The method selected is the shuffled complex evolution (SCE-UA) method developed by Duan et al. (1993). The method begins with a population of points randomly selected in the parameter space. The points are partitioned into several communities. The communities grow by random selection of new points, using the simplex geometric shape to direct the search in an improvement direction. Periodically, the entire population is shuffled and the points are assigned to new communities. This process is repeated until the method converges to the global optimum.

## 5. Data

The data used in this study are from a two-month period, August and September 1995, from central Florida. This dataset was selected as it was part of a NASA experiment referred to as an algorithm intercomparison workshop (AIW). The AIW was conceived by NASA’s tropical rainfall measuring mission ground validation team in an effort to select radar rainfall algorithms for satellite-rainfall products validation. Details of this experiment can be found in Krajewski et al. (1996).

The radar data were collected by the KMLB WSR-88D weather radar operated by the NWS and located in Melbourne, Florida. Also, data from 46 rain gauges located within a 200-km range from the radar are used. The rain gauge network is divided into two samples. The first sample is used for calibration of the PPS. The second sample is used for independent evaluation of the PPS performance. Figure 1 shows a map of Florida, the radar coverage, and the calibration and validation raingage locations. The calibration–validation rain gauge network configuration is selected such that the two samples are spatially independent by covering different radar sectors. In this configuration there are 33 calibration rain gauges and 13 validation rain gauges.

To overcome the high demands for computer storage required for two months of WSR-88D (level II) reflectivity data, we used an efficient compression technique. The technique first creates data files containing all the raw reflectivity data that are necessary for the PPS to produce rainfall accumulations at the HRAP grids that correspond to the *N*_{g} rain gauge locations (appropriate software is available from the authors). Subsequently, PPS is modified to read the raw radar data from the small files and evaluate the specified objective function [Eq. (2)] over the period of interest (*N*_{p} time steps). This compression technique reduces the data storage approximately 1000 times while keeping the data required for calibration unaltered. A similar technique was applied for the calibration of a climatological radar rainfall algorithm by Ciach et al. (1997). To calculate the products of the PPS for the whole radar umbrella, the radar data compression scheme of Kruger and Krajewski (1997) was used. The development of these techniques along with recent advances in computer technologies and storage capacities have made it practically possible and affordable to apply global optimization methods to radar rainfall calibration. Information on the full dataset statistics and radar data quality can be found in Krajewski et al. (1996).

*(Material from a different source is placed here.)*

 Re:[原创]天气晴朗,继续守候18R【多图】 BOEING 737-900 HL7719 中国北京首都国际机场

## 6. Optimization results

_{def}and RMS

_{opt}are the rms radar–rain gauge differences of the PPS operating with default and optimal parameters, respectively.

In the calibration of the PPS, the rms was evaluated using rain gauge rainfall rates greater than 0.5 mm h^{−1}. This was done for two reasons: 1) to mitigate the high zero-rain intermittence of rain gauge–rainfall at the 1-h temporal scale, and 2) because a major PPS objective is to perform best during heavy precipitation events. Zero-rain intermittence plays a significant role in radar–rain gauge comparisons as it is a component of rainfall variability. The probability of rainfall detection is quite different for the two sensors. Considering only the rain gauge rainfall over a certain threshold and the corresponding radar rainfall enhances chances for meaningful comparisons.

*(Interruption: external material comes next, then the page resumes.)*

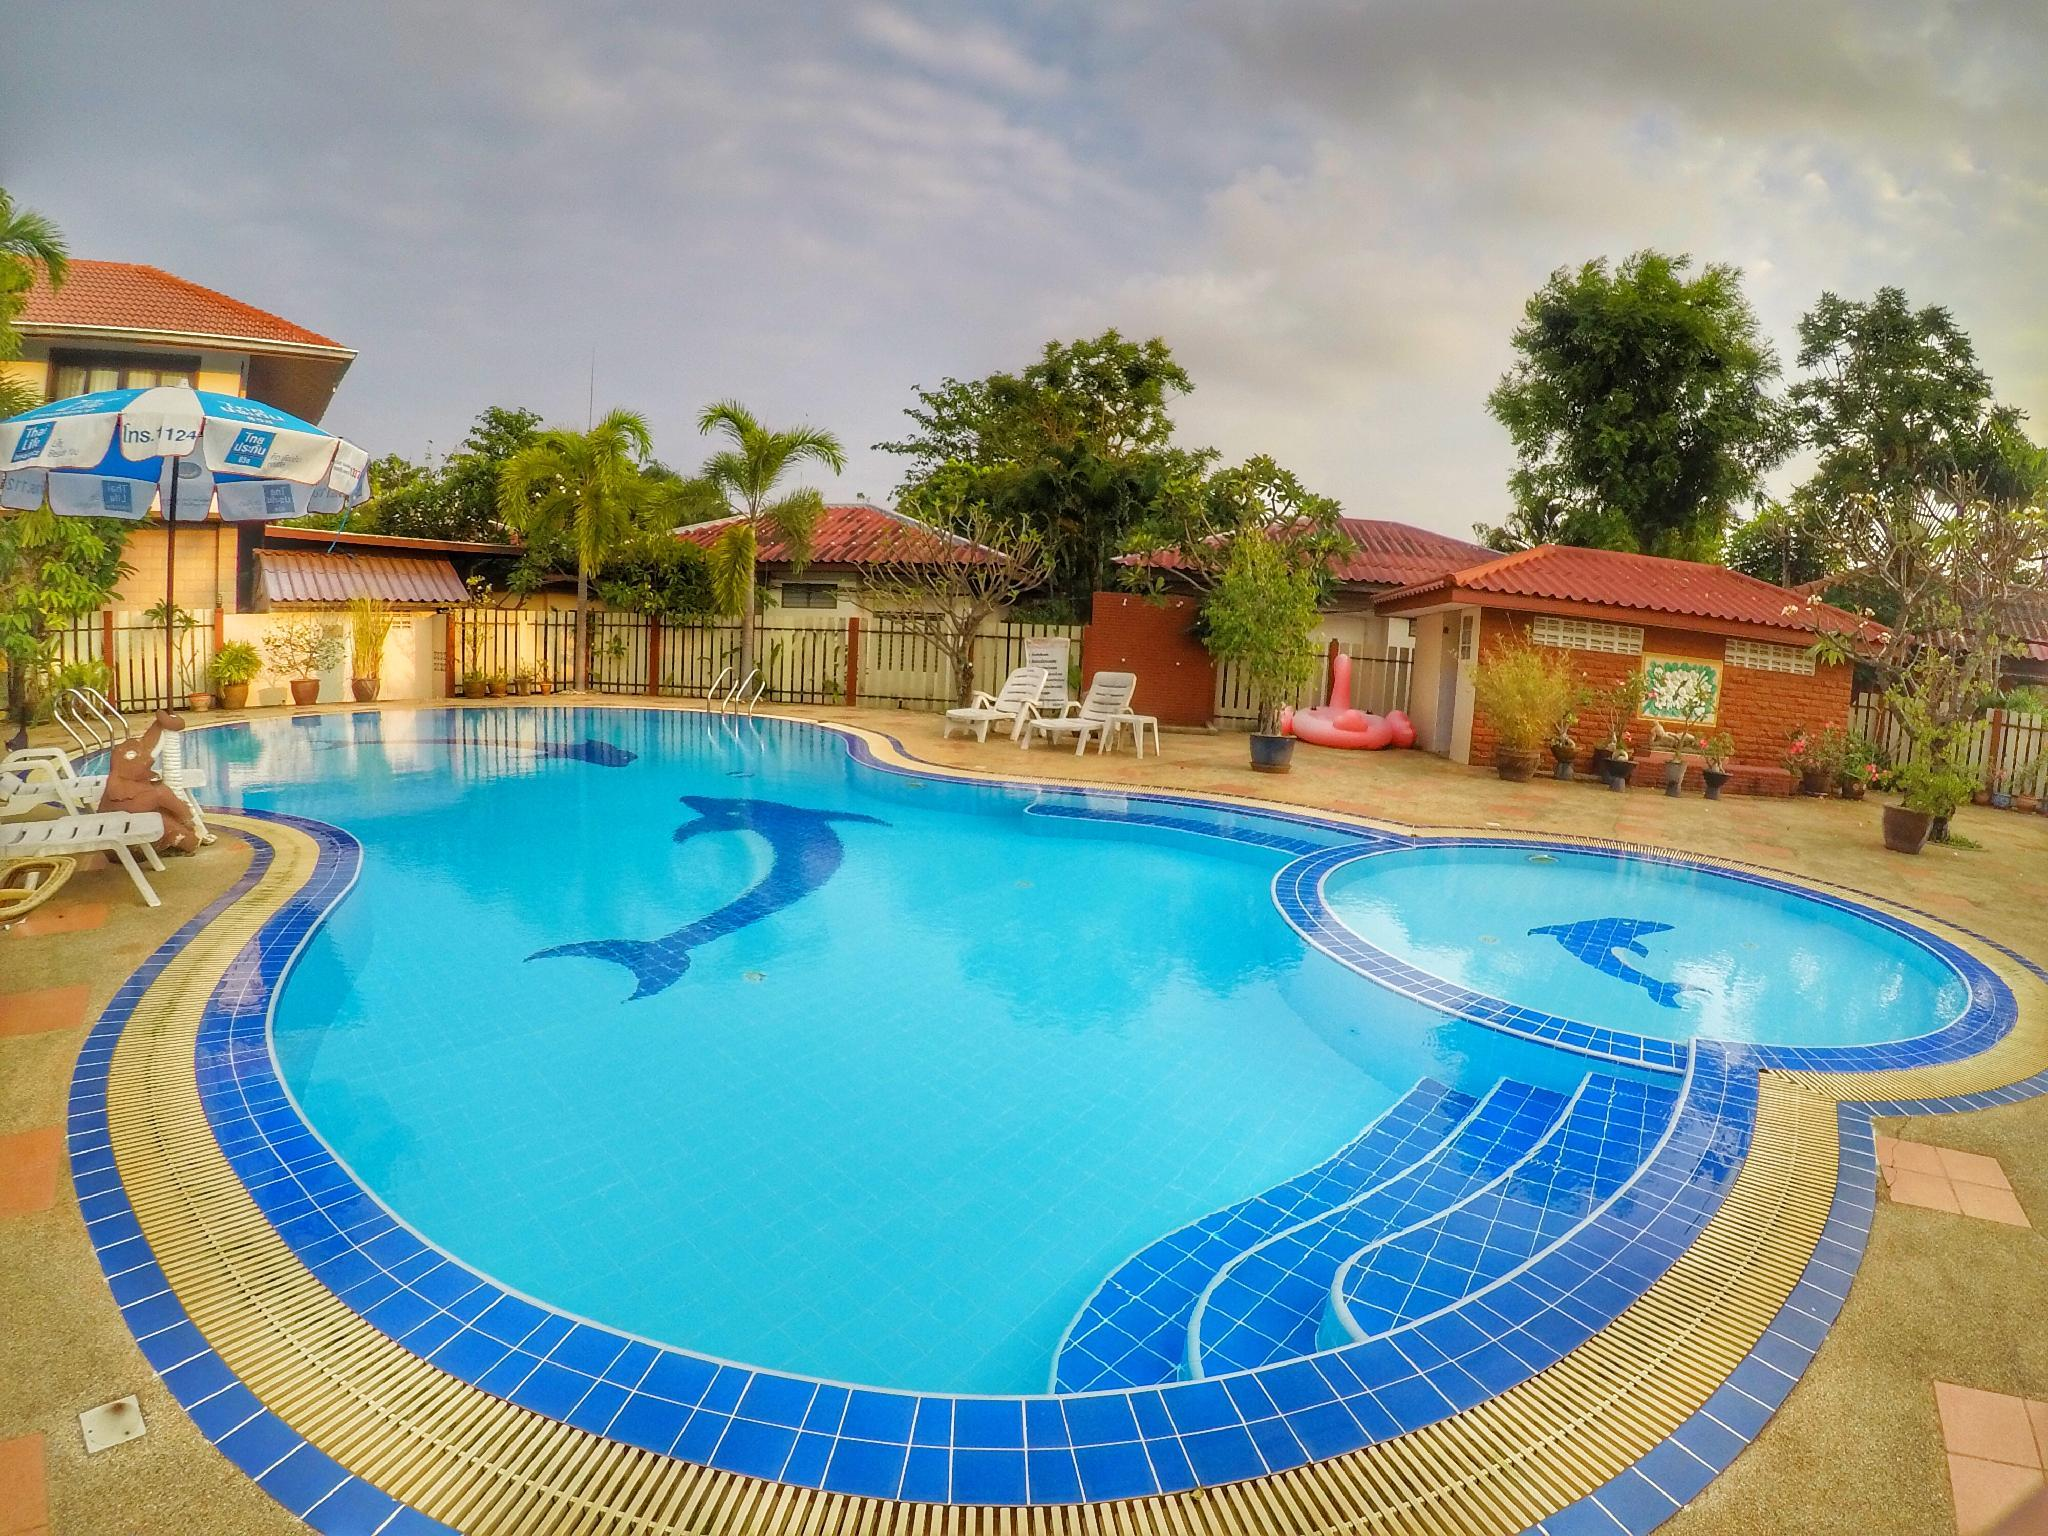 Busaba House Reviews

The validation is done for two different scenarios. In the first scenario all radar and rain gauge pairs were included in the computations of the rms difference (unconditional). In the second scenario only radar and rain gauge pairs with rain gauge hourly rainfall greater than 1.0 mm h^{−1} were included (conditional). This distinction is done to investigate the calibration performance in both the overall and significant precipitation-only events. In Table 2 we present the data statistics for both calibration and validation networks.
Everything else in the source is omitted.